Software sifts text to sort Web sites TRN 022101

Software sifts text to sort Web sites

By Ted Smalley Bowen, Technology Research News

Although the World Wide Web is a multimedia network, the job of classifying sites is still largely a matter of interpreting textual information. In an attempt to make that process quicker and more accurate, a research team has developed a method of automatically sifting and categorizing the various forms of text found on the Web.

The researchers devised a spider program that crawls, or examines the various types of text that make up a Web site, and classification software that organizes the information the spider finds, creating a sort of card catalog system for parts of the Web.

Although sophisticated methods of searching pictures, video and audio are under development, text-based categorization promises a more immediate improvement in traversing and making sense of the Web, said John Pierre, a member of the technical staff at Interwoven, Inc. Pierre and his research colleague, Bill Wohler, developed the categorization system while employed by Metacode Technolgies, Inc.

They have used the software to group English language sites into business categories. The scheme could apply to other languages and categories as well, Pierre said.

The software ferrets out meaningful text from three distinct sources within a Web site to categorize the site: the words that make up the site's Hypertext markup language (HTML) meta tags, the words within its HTML body tags, and the readable text on the site.

HTML meta tags are key words contained in the hidden code of a Web site that summarize the type of information a Web site contains. HTML body tags, also hidden, are page layout instructions that affect the look of the site.

The term metadata, which generally refers to information about information, has many different meanings in computer science.

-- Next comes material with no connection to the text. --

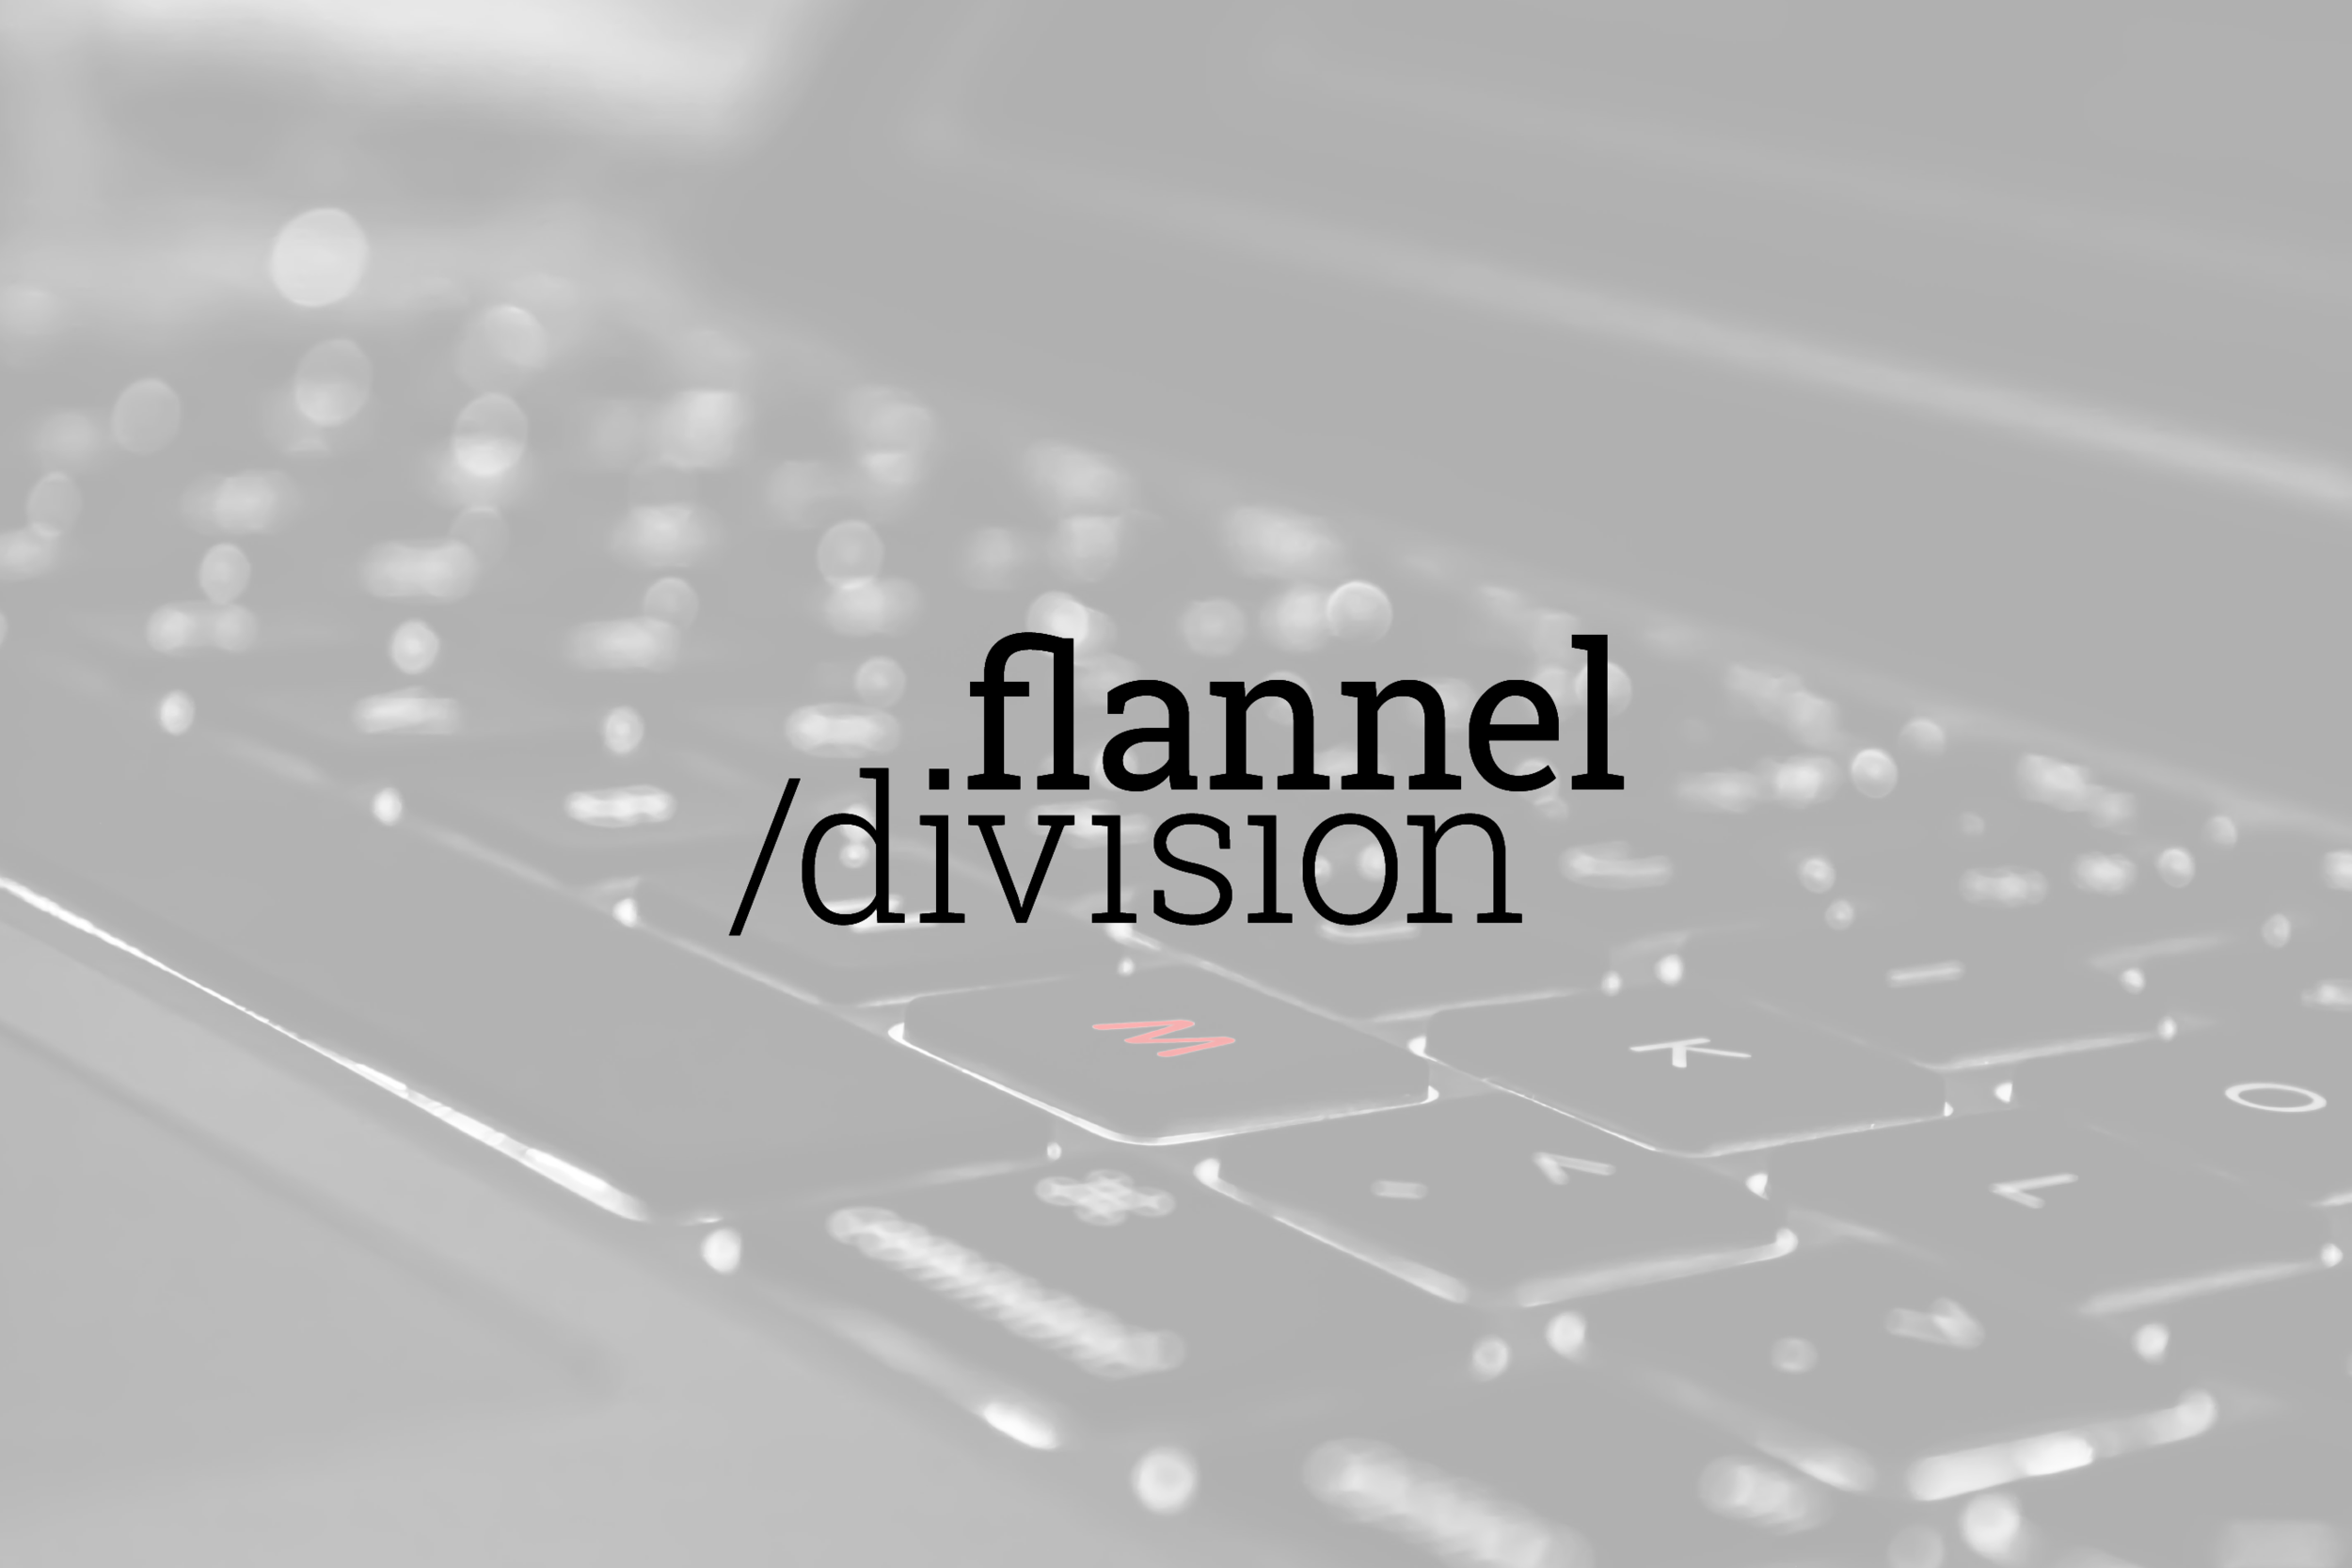 Logo design for Flannel Division, tech company in Austin, Texas.
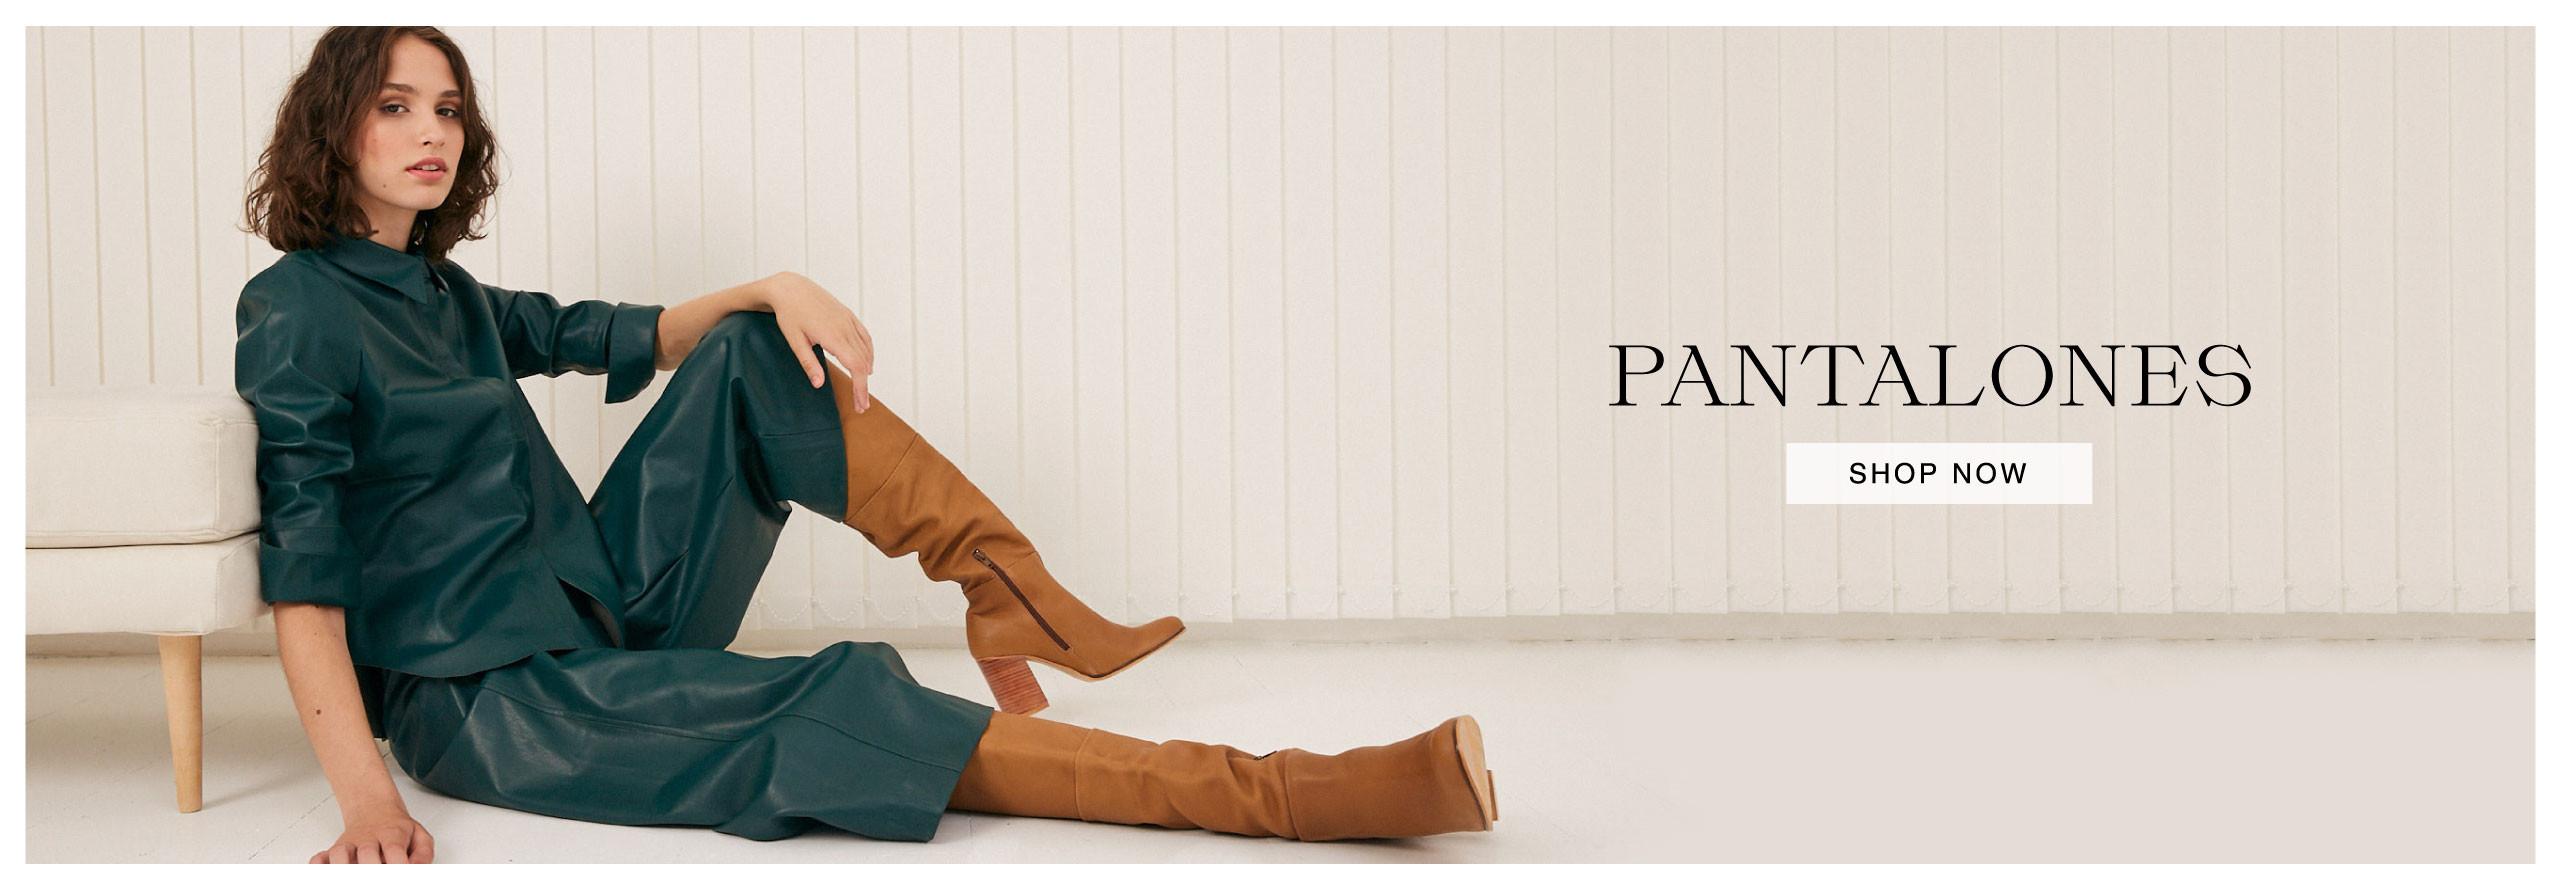 Pantalones - Home Mobile

Pierre's scheme uses subject-based metadata, or data about subject categories to group Web sites in much the way a library card catalog groups books. "You can think of a library catalog card, where you have author and title, and number of pages in the book, but you would also have other fields like subject or Dewey decimal code," said Pierre.

Other organizational systems could be tapped to make use of other types of metadata fields as well, he said. "This type of system, in the larger picture of metadata creation, can really serve as a driver for processing [content] beyond keyword searching to more reason-based searching," he said.

The drawback to using descriptive metadata, however, is there is not enough of it. "People are a little resistant or lazy about deploying metadata. It's a tedious task that nobody really wants to do," he said.

Web developers must enter meta tags into their sites in order for Web search engines to use them in ranking search results. Despite this incentive, however, less than a third of Web sites use meta-tag key words and descriptions.

The program also looks for text in HTML body tags, which usually contain page layout commands but often also include useful information like Web addresses.

Based on an examination of 19,195 Web domains, Pierre found that while most had words in title tags, which allow Web browsers to title each page, the information was of limited use in classifying sites because there were few words and they often consisted of generic terms like "homepage."

The scheme also addresses pages without words -- some pages have only frame sets, images or software plug-ins, and do not lend themselves to accurate classification, Pierre said. Frame sets are organizational elements that divide the browser's window into multiple frames. Software plug-ins are programs that give a larger program additional functions, like the ability to play movies.

The spider program searches first for text in HTML meta tags and titles, then follows links for frame sets and hyperlinks. The program searches body text only if no meta tag information is found, according to Pierre.

Once the spider gathers the information, it passes it to a Latent Sematic Indexing (LSI) information retrieval engine, which identifies matches based on concepts rather than single words, but does not have the heavy computational requirements as a true natural language processor, he said.

"It provides a certain level of concept-based matching, without any specialized knowledge base or rules, and it does that along with a complete framework for matching terms in documents -- similarity matching," he said.

Next, the information is fed into a classification engine, which, for the sake of performance, uses shallow parsing, according to Pierre.

"It's a way of understanding and extracting some limited subset of the data without worrying about the complete structure of it. For example, you could assign and extract proper names in sentences without having to understand every word, diagram all parts of speech, and understand the full meaning of the sentence," he said.

The scheme works most accurately using meta tags as the only source of text, while classifications based partly or entirely on body text are less accurate, according to Pierre.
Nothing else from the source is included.